Fatima’s hijab may raise eyebrows in Rio, where it is more common to see women walking the streets in bikinis in seaside neighborhoods, but she says her beliefs can find a place here.
“Brazil is a mix, made up of several different cultures. This mix makes Brazilians very adaptable and tolerant.” Like most practicing Muslims here, Omar and Fatima are only recent converts to Islam. They plan to travel to Saudi Arabia next year on a Saudi government grant to learn Arabic.
‘New form of resistance’
Renovations on the mosque they attend in the suburb of Tijuca north of Rio got under way four years ago with donations from worshippers. It will soon hold up to 400 people during prayers, a major upgrade.
“The number of Muslims continues to grow, and most are Brazilians who are converting. We recruit members mostly online,” said Sami Isbelle, a spokesman for the Beneficent Muslim Society (SBMRJ).
“In Rio, there are about 500 Muslim families, 85 per cent of them Brazilian converts who have no Arab links,” Isbelle said.
Things are different in Sao Paulo state and southern regions of Brazil, where most Muslims were born as such and are often of Arab descent.
Brazil’s census does not count the number of Muslims, and only provides data on Catholics, evangelicals, Jews, spiritualists and followers of Afro-Brazilian religions.

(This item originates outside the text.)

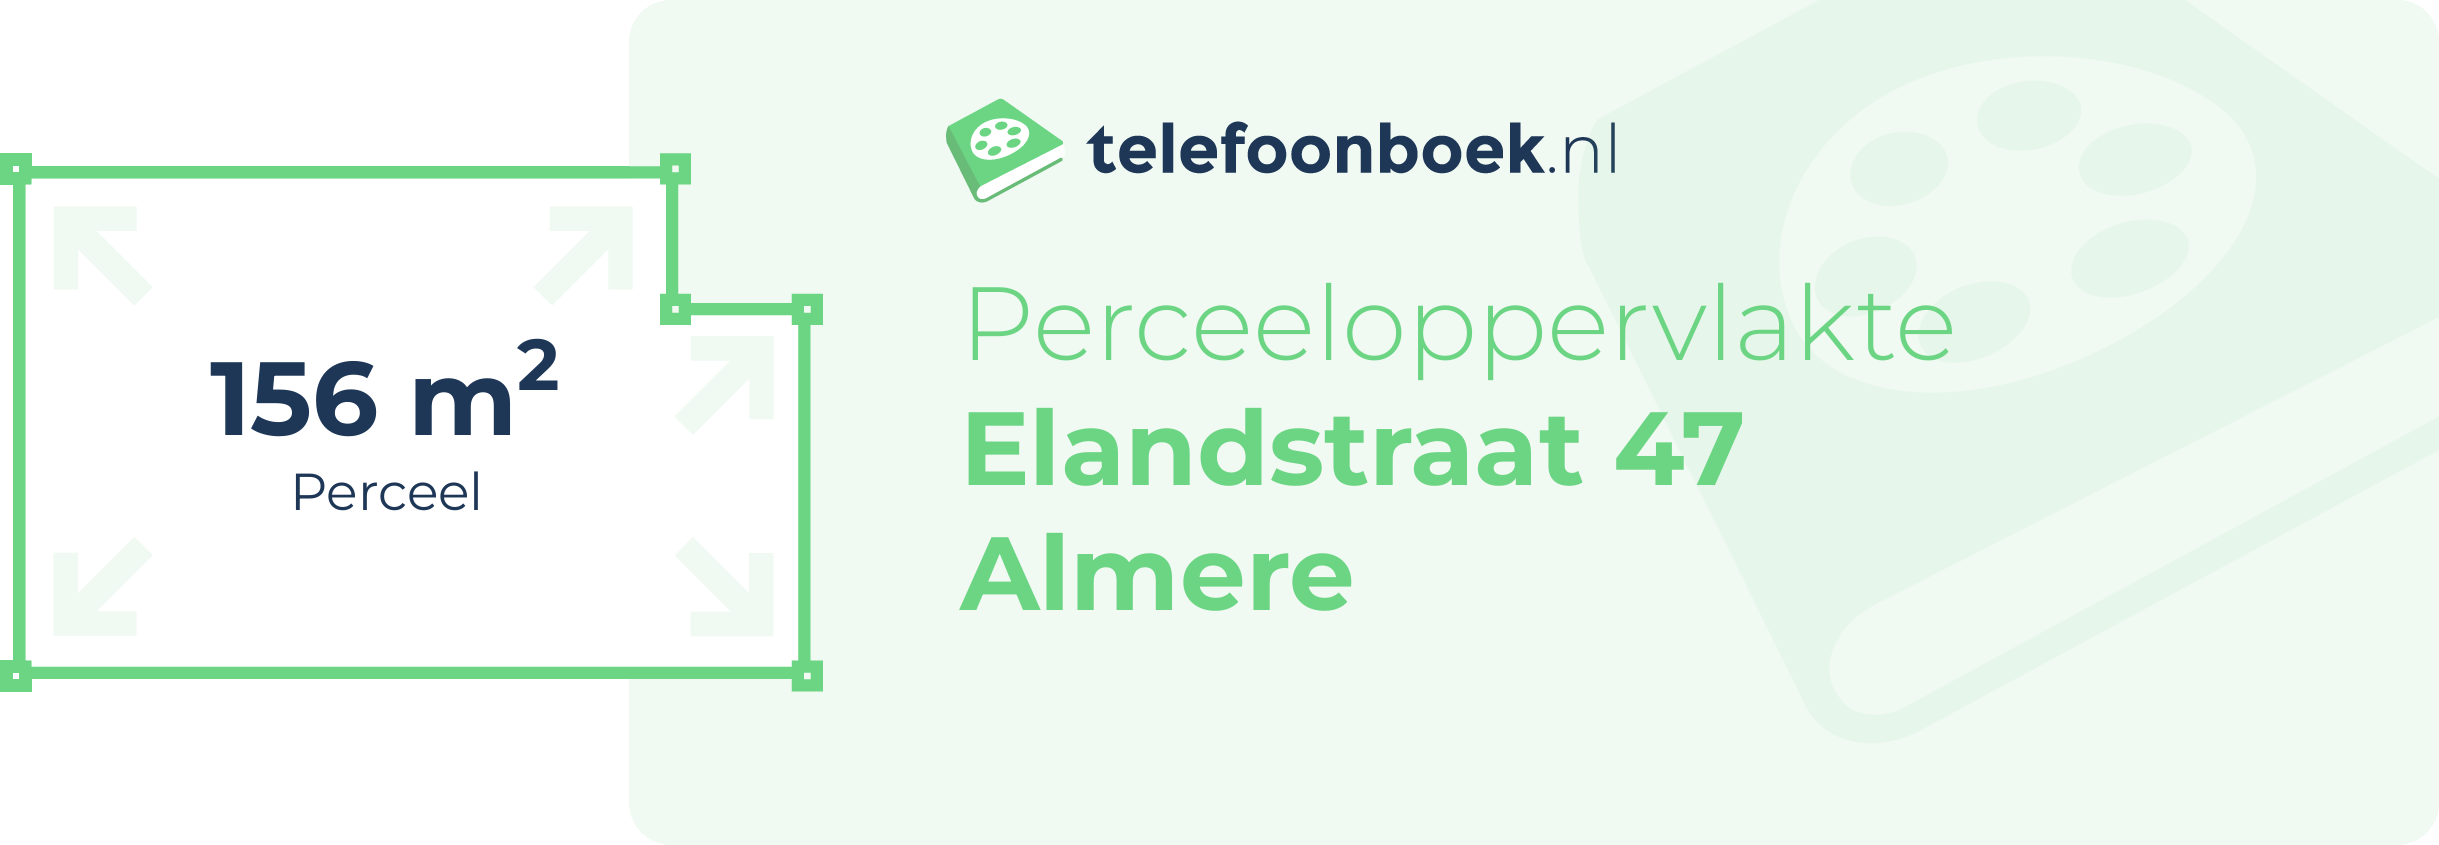 Perceeloppervlakte Elandstraat 47 Almere

“Muslims are listed in the ‘other’ category, along with Buddhists, for example, said Islam expert Paulo Pinto of Fuminense Federal University, who estimated Brazil is home to about a million Muslims.
The best indicator of the growth of Islam in the country is the rapid increase in the number of places of worship, according to Pinto. There are now 127 mosques, four times as many as there were back in 2000.
After the September 11 attacks in the United States, “there was a growth of interest in Islam, and many people decided to convert,” Pinto added. “Islam was seen as a new form of resistance.” But it was a “telenovela” or soap opera launched just three weeks after the 2001 attacks, “The Clone,” that sparked some Brazilians’ infatuation with Islam.
Set in Morocco, the popular show showed a “positive image of that part of the world, with a benevolent Muslim hero,” said Pinto.
“There is a tendency to think that Brazilian culture, as liberal and sensual as it is, is against the rules of Islam. But in fact, there are many conservative rules that are part of moral and sexual control. Look at how many evangelicals are successful in Brazil!”